Theses types of inputs could only help, it seems to me, but Elon has made it clear he doesn't want this kind of data in FSD. They already said high-definition maps were not needed and not wanted because it would limit the operating domain, and the release notes for 10.11 mentioned that they were even relying less on the conventional map data and more on the vision system. I think Tesla is stuck on this concept of "if humans can do it with two eyes, then Teslas can do it with eight eyes all the better," but that logic (as I explained above) just doesn't ring true to me.

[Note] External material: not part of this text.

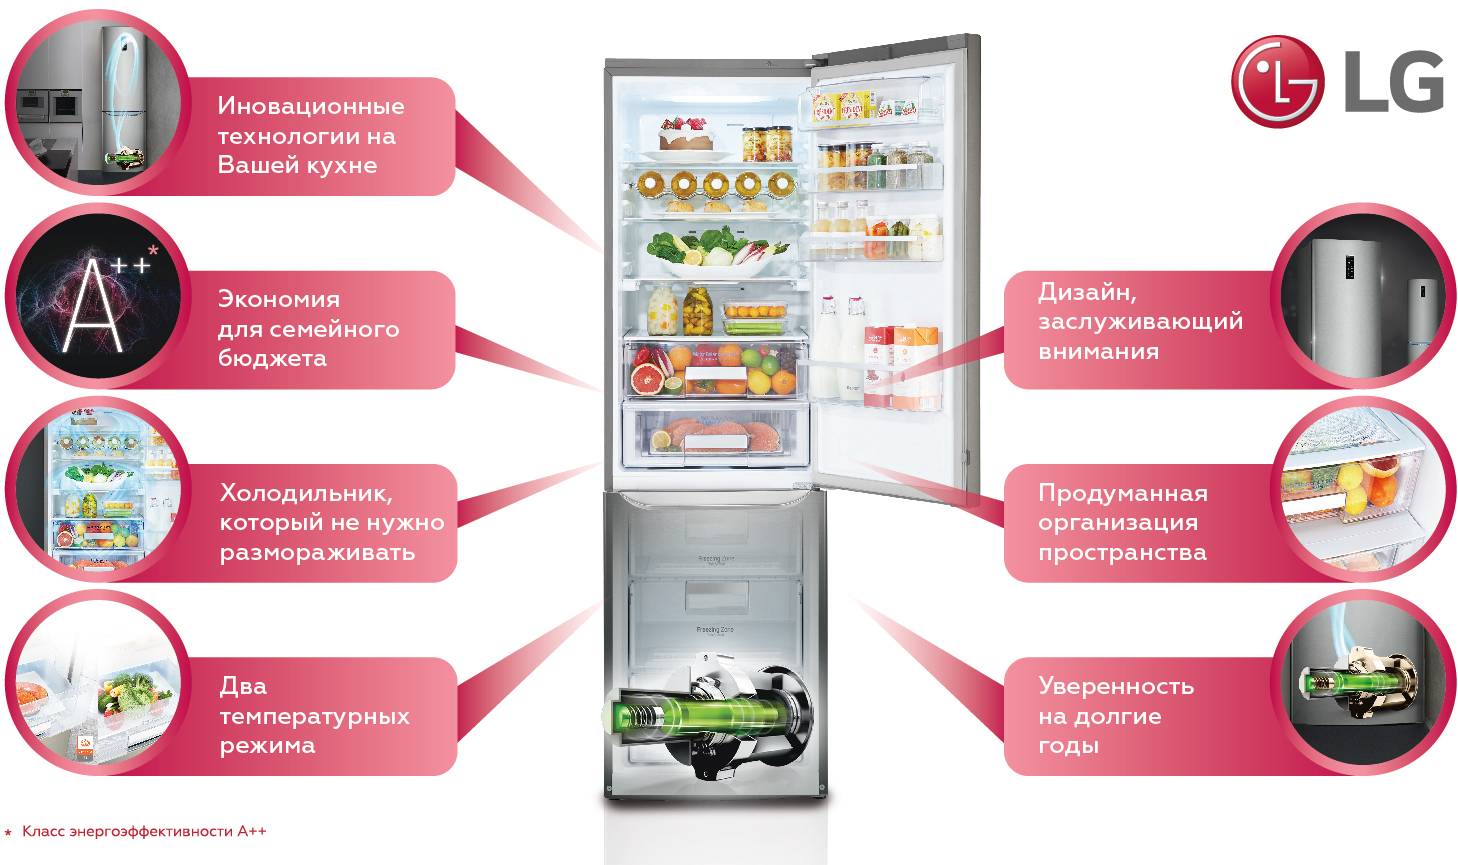 Что такое инверторный компрессор в холодильнике

Exactly .. and the car can do that for ANY curve, not just the ones you happen to know about because you use that route every day. While its true that humans CAN out-think anything we can build today (or in the foreseeable future) I think many people over-estimate human attentiveness in everyday driving. Almost everyone "spaces out" to an extent when driving, especially on familiar routes. That's when the car will do better then a human. Of course, a human will be needed to handle extraordinary (in the literal sense of the word) situations, such as a police stop or an accident blocking the road.
The problem with all of this is it's dependent on a ton of interconnected technology and falls apart as soon as any of the links fall apart. (just as an example, I was driving to work today and had no connectivity in suburban Minneapolis.) Not to mention the issues faced when you get to less-traveled areas, new obstacles, etc.